One final note: there is more than one way to do most things in git. I am opting for the most cohesive and that which I find to apply to most scenarios.
Undo
One thing we are going to do is memorize a few shell commands. My first Java
tutorial showed all of the boilerplate - the class
, the public static void
main(String[] args)
, and asked the reader to take it on faith that this would
all make sense later. So I’m going to do that here, just this once.
The first thing you need to know is how to undo the previous action. Undo
comes in two flavors: git reset --hard
, and git reset --hard HEAD@{1}
.
(How’s that for obtuse boilerplate?)
The first is more of an “abort” - it’s used when an “operation” in progress has gone awry, or was the wrong operation. (I’ll define an operation more formally in a bit.
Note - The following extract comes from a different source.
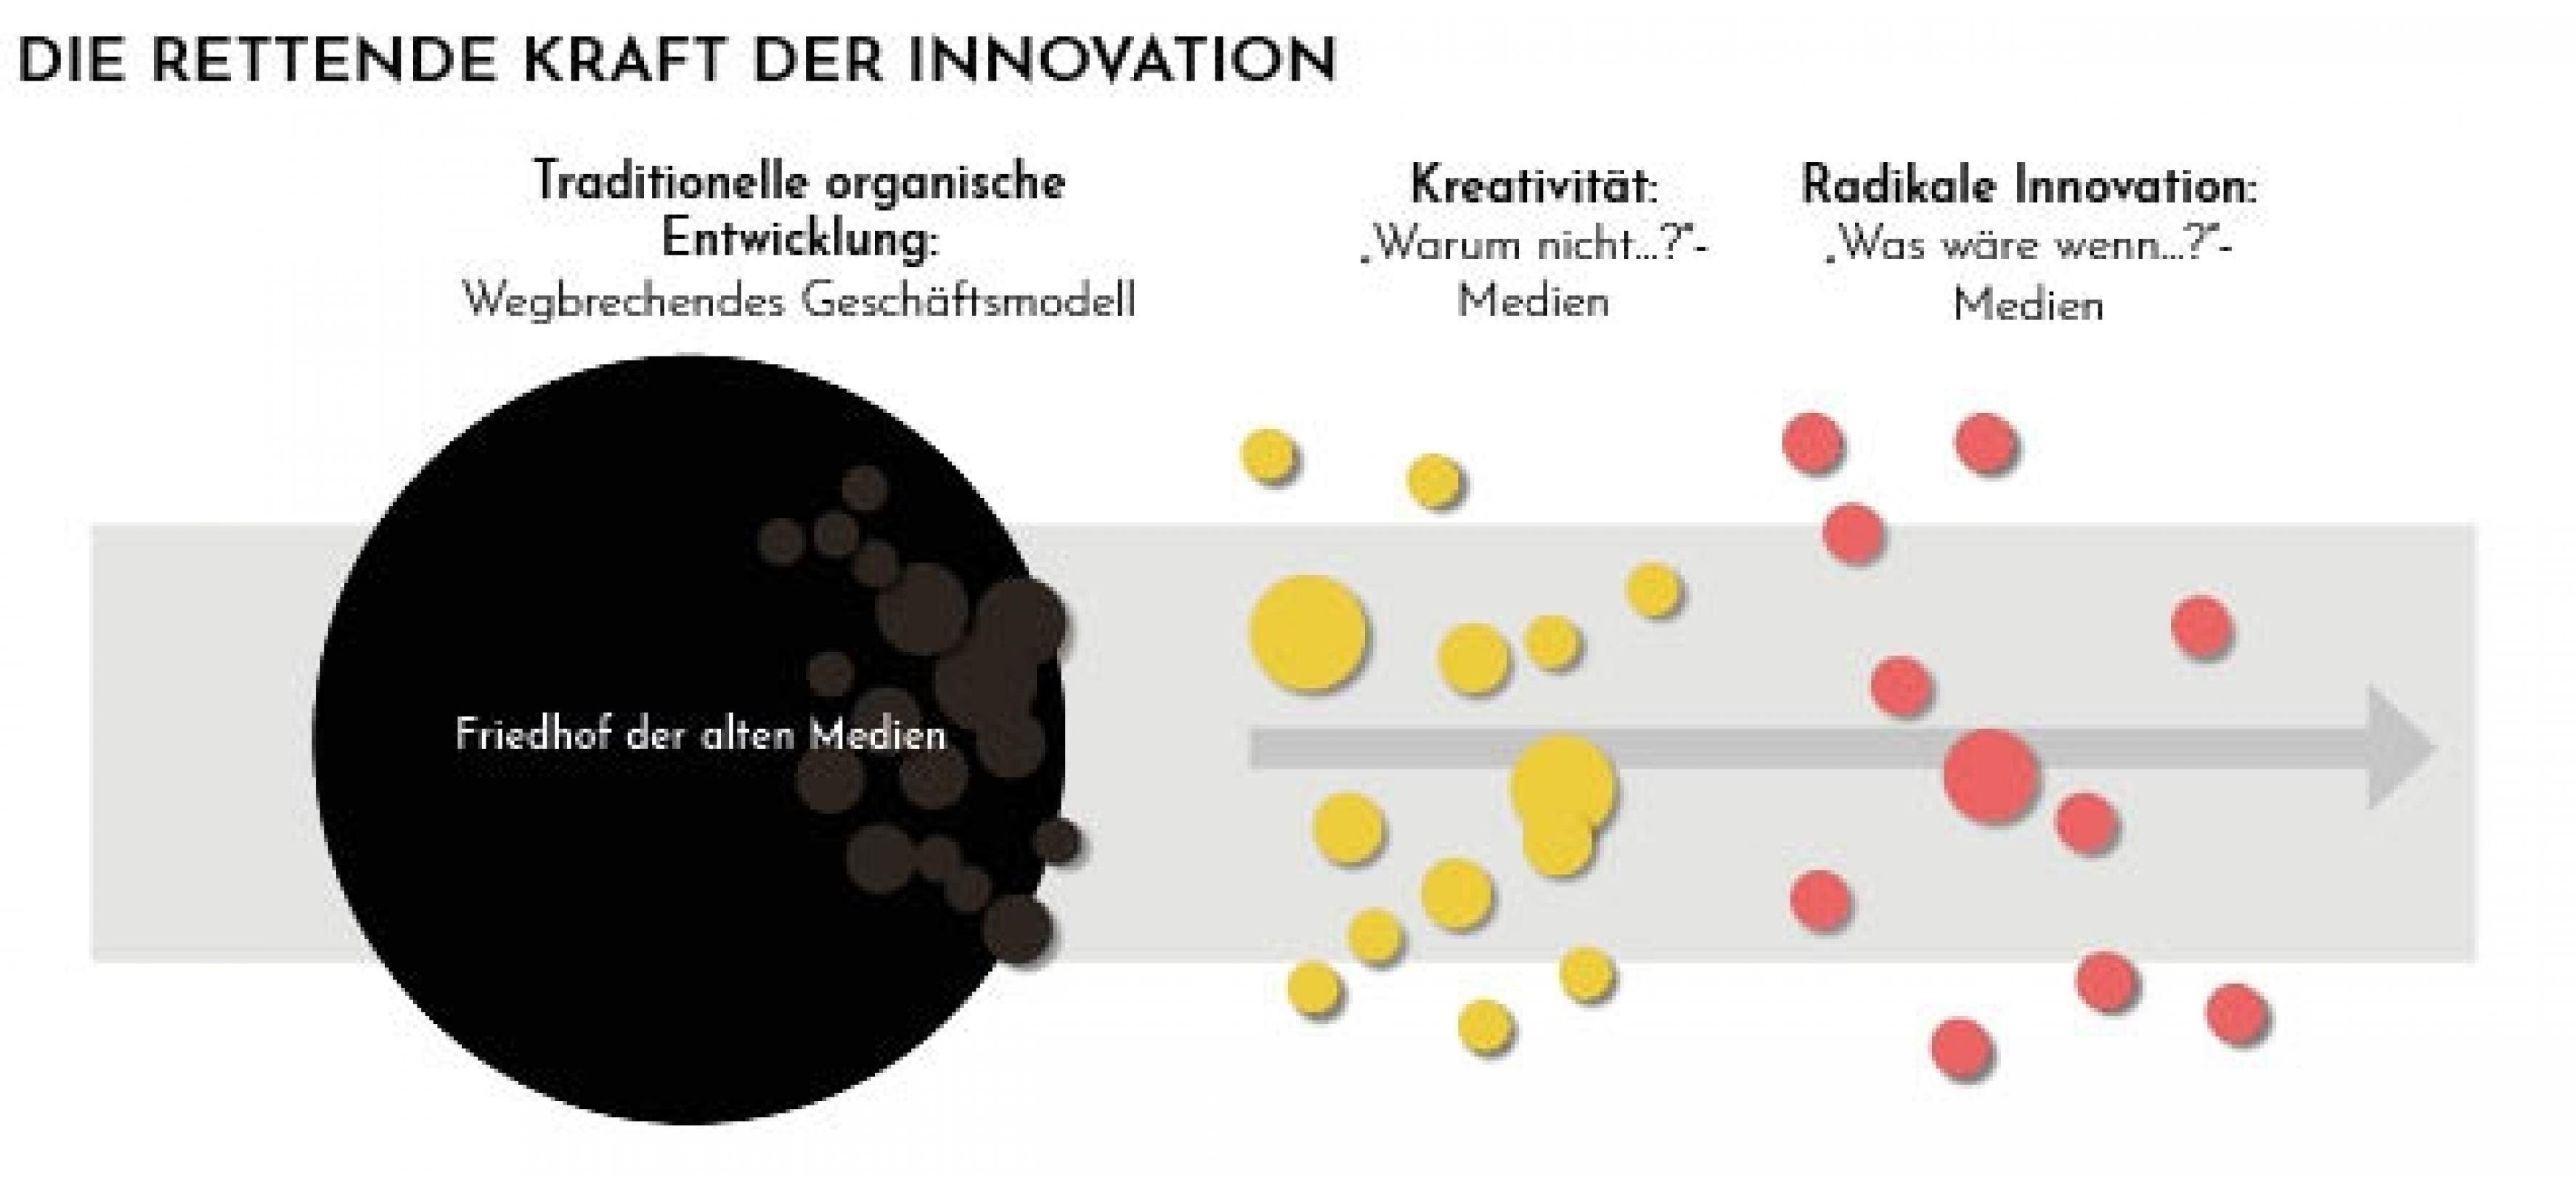 Modell 3-Farben der Innovation, angepasst auf ausbleibende Innovation in Medienhäuser

If an operation is not in progress, this command is safe.)
The second is an undo proper: after a git operation has completed, to back it
out, you run the obtuse long thing. Note that git reset
itself counts as an
operation, so to redo, one effectively just undoes again. Git does keep a
state log much farther into the past, so it is possible to undo more than one
operation, but I need to explain some other things before we get there.
Hello, world
Beyond starting with how to fix it when it breaks, I also really appreciate
tutorials that use examples. In order to perform examples, though, we will
need something to work with: a repository for our project. To do this, we
will make our own using git init
. Here is one way it can be called:
frozencemetery@kirtar:~$ mkdir testrepo
mkdir: created directory 'testrepo'
frozencemetery@kirtar:~$ cd testrepo
frozencemetery@kirtar:~/testrepo$ git init .
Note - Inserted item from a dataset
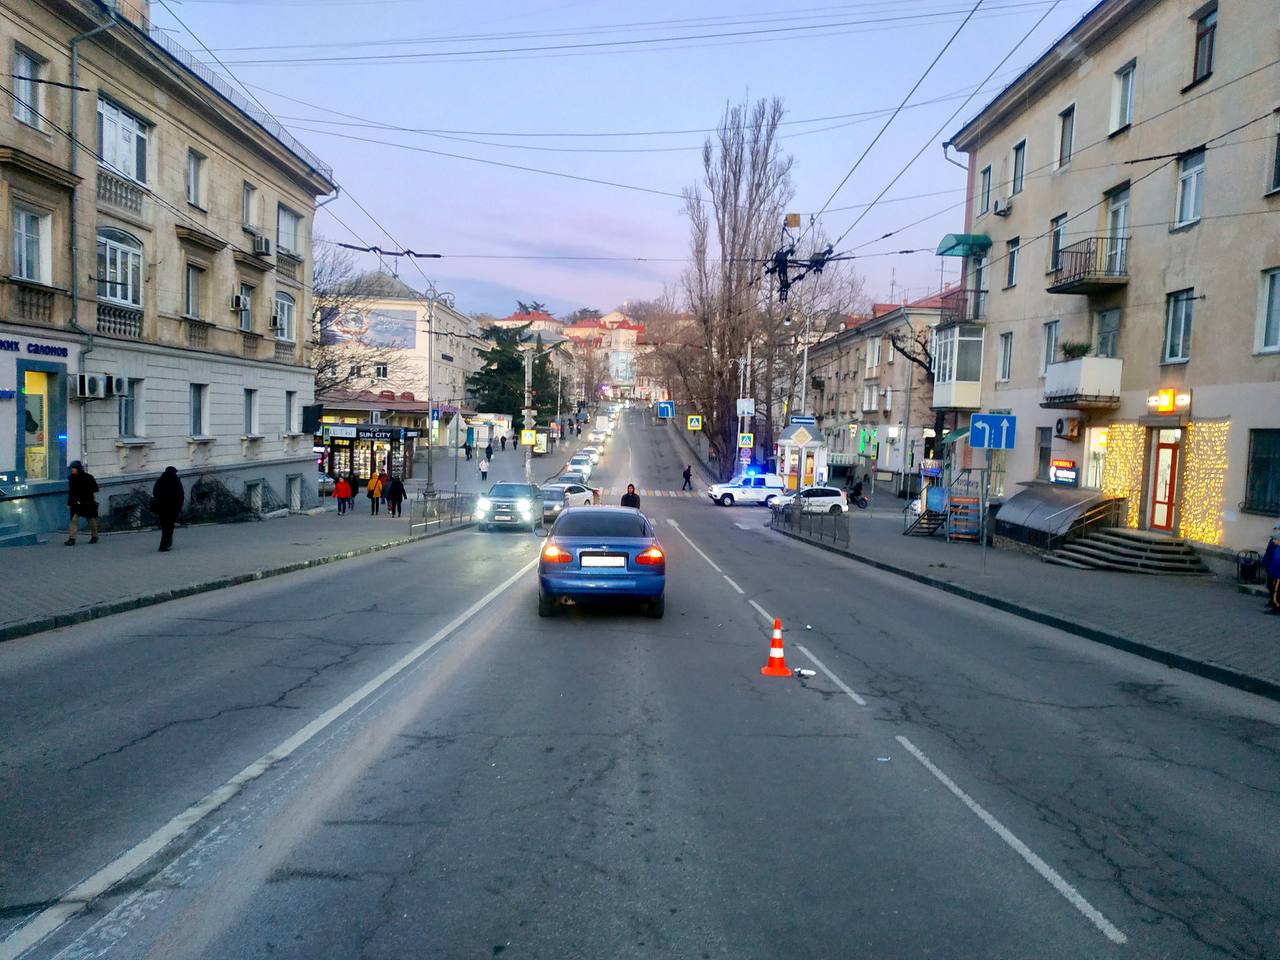 Перебегали дорогу в неположенном месте: в Севастополе сбили двух девушек «под хмельком» (видео)

Initialized empty Git repository in /home/frozencemetery/testrepo/.git/
Note that one can git init .
in a directory that is not empty, and git will
not touch the existing files. In fact, git tries to be as apathetic about the
world around it as possible; you can even move the repository around, or
rename it, and git won’t care (it won’t even notice).
That’s all fine and good, but most of the time we don’t work with repositories
created in this way. Most of the time, “someone else” made the repository -
whether that person is another person running git init
for their codebase,
or a piece of software (e.g., GitHub) running per user request.
How do we get this code? Well, for example, to get the source for this website, one could do this:
frozencemetery@kirtar:/tmp$ git clone https://github.com/frozencemetery/mivehind.net
Cloning into 'mivehind.net'...
remote: Counting objects: 277, done.
remote: Compressing objects: 100% (4/4), done.
remote: Total 277 (delta 0), reused 0 (delta 0), pack-reused 273
Receiving objects: 100% (277/277), 2.12 MiB | 3.14 MiB/s, done.
Resolving deltas: 100% (139/139), done.
frozencemetery@kirtar:/tmp$ cd mivehind.net
frozencemetery@kirtar:/tmp/mivehind.net$ ls -A
about.md _config.yml css .git _includes _layouts _posts
assets COPYING feed.xml .gitignore index.html LICENSE
And it’s all there. Be careful - there will have been new commits since this writing, and not all outputs will match exactly.
Dotfiles?
In the above example, there are two entries whose names start with a dot, and
so are invisible in normal ls
. The first is the “.git” directory. This
contains internal git state - everything git knows about the repository. It’s
very interesting to look at what’s in there, if you’re me and are interested
in the inner workings of version control. Otherwise I don’t recommend it.
The other dotfile, “.gitignore”, is more interesting. As the name might suggest, it is a list of filename (patterns) for git to ignore. So if you look at mine:
frozencemetery@kirtar:/tmp/mivehind.net$ cat .gitignore
*~
out.html
What does it mean to ignore a file? Well, git, as version control software,
has a notion of what files it “tracks”. Files can be in any of three states:
tracked, untracked, and ignored. I use git status
to compare this:
frozencemetery@kirtar:/tmp/mivehind.net$ echo "foo" > out.html
frozencemetery@kirtar:/tmp/mivehind.net$ echo "foo" > untracked
frozencemetery@kirtar:/tmp/mivehind.net$ echo "foo" > feed.xml
frozencemetery@kirtar:/tmp/mivehind.net$ git status
On branch master
Your branch is up-to-date with 'origin/master'.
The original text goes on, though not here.